The Federal Court has made orders that Colgate-Palmolive Pty Ltd (Colgate) pay total penalties of $18 million for contraventions of the Trade Practices Act 1974 (now called the Competition and Consumer Act 2010) (the Act), following admissions by Colgate in proceedings brought by the Australian Competition and Consumer Commission.
Colgate admitted to entering understandings which limited the supply, and controlled the price, of laundry detergents, and agreed with the ACCC to joint submissions on penalty being put to the court.
The Court described the conduct as serious and the penalty as significant but proportionate.
“By ordering these substantial penalties, the Court has recognised the seriousness of this conduct, which affected the supply and pricing of laundry detergents, a consumer staple, ACCC Chair Rod Sims said.
“The information sharing understanding involved phone calls between senior managers of competing companies, many of which started as social calls, but turned to unlawful exchanges of pricing information. Any contact between competitors carries risk and while discussion of price is particularly serious, there are many topics which may lead to an anticompetitive understanding.”
“This is the equal third largest penalty that the court has ordered for breaches of the competition provisions of the Act and is an indicator of how seriously the court views the conduct,” Mr Sims said.
“These penalties were based on Colgate’s turnover, under the current penalty regime for anticompetitive conduct. The ACCC regards this regime as a key tool in obtaining appropriate penalties for breaches of the Act.” Mr Sims also said.
Specifically, Colgate admitted that it made, and gave effect to, an understanding with Unilever Australia Limited (Unilever) and PZ Cussons Australia Pty Ltd whereby they agreed to cease supplying standard concentrate laundry detergents in early 2009 and supply only ultra concentrates from that time.
Colgate also admitted that it and Unilever shared sensitive market information, including information about when they would increase the price of their laundry detergents through telephone contact between Mr Ansell and senior Unilever executives, including Unilever’s sales director at the time.

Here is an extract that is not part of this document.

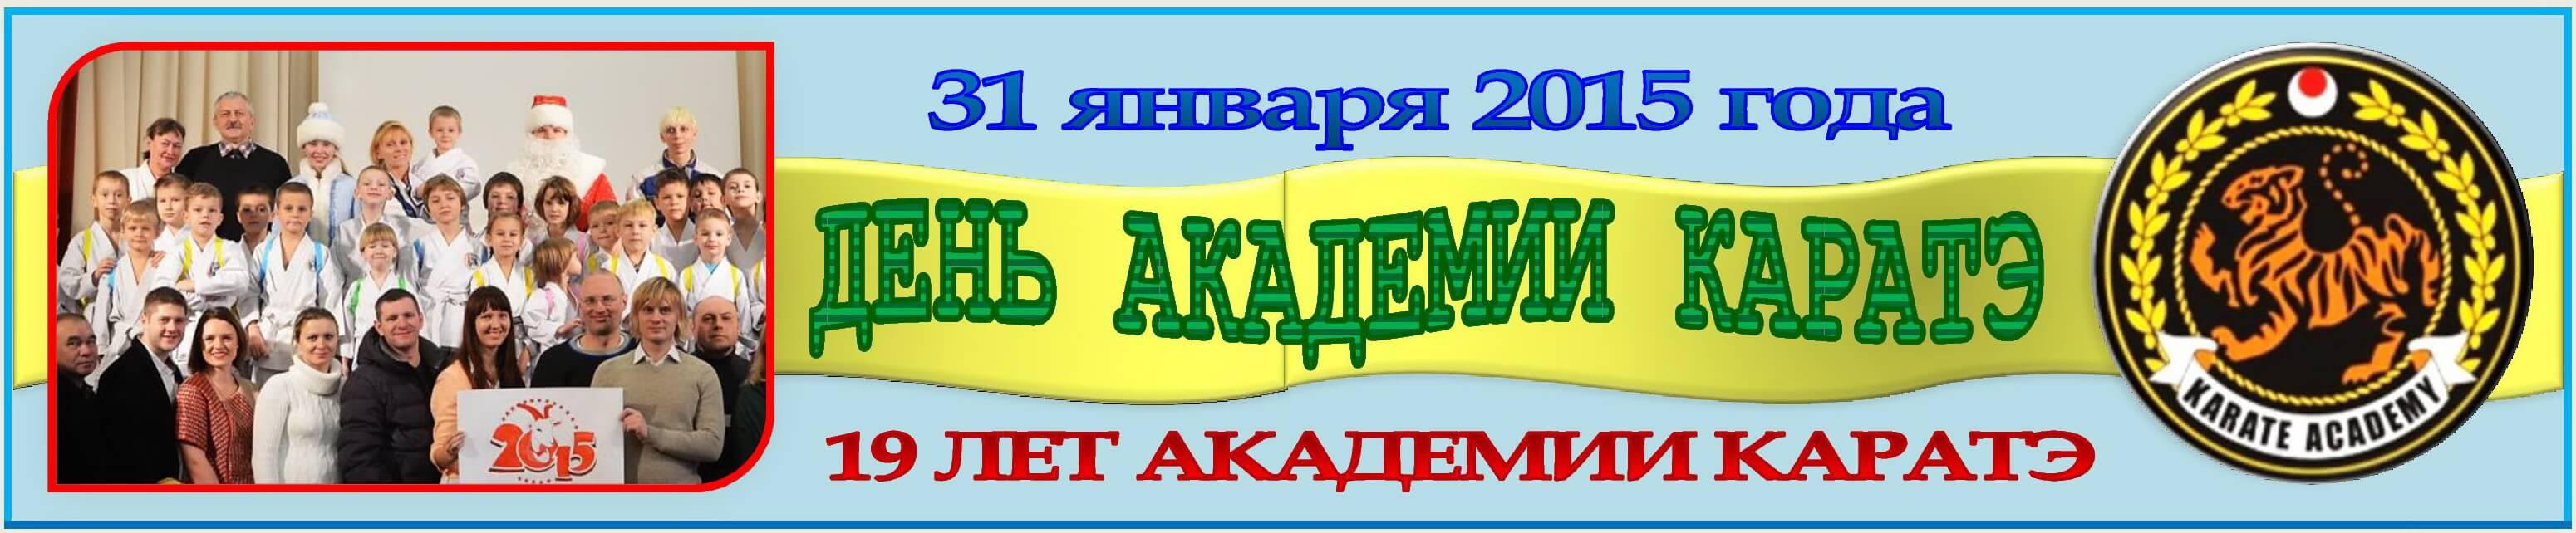 День Академии каратэ-2015 Баннер

The penalties ordered against Colgate comprise $12 million for the understanding to withhold supply, and $6 million for the information sharing understanding.
The ACCC has also, by consent, resolved its proceedings against Mr Paul Ansell, a former Colgate sales director, who has admitted to being knowingly concerned in the same conduct.
By consent, the Court also ordered that Mr Ansell be disqualified from managing corporations for seven years and pay a contribution of $75,000 towards the ACCC’s costs.
The Federal Court also made other orders by consent that Colgate update its trade practices compliance program and maintain that program for three years and pay a contribution of $450,000 towards the ACCC’s costs.
In December 2013, the ACCC filed proceedings in the Federal Court against Colgate, Cussons, Woolworths and Mr Ansell. The ACCC alleged that Colgate, Cussons and Unilever made and gave effect to cartel and other anti-competitive arrangements to:
- cease supplying standard concentrate laundry detergents in the first quarter of 2009 and supply only ultra concentrates from that time;
- simultaneously transition their laundry detergents to ultra concentrates which met certain requirements; and
- sell ultra concentrates for the same price per wash as the equivalent standard concentrated products and not pass on the cost savings to consumers.
The ACCC also alleged that Mr Ansell and Woolworths were knowingly concerned in these arrangements.
Unilever applied for immunity under the ACCC’s Immunity Policy for Cartel Conduct and consented to be named as the immunity applicant in this matter.
The ACCC’s case against Cussons and Woolworths is listed for hearing in June 2016. The ACCC is seeking pecuniary penalties, declarations, injunctions, compliance programs and costs.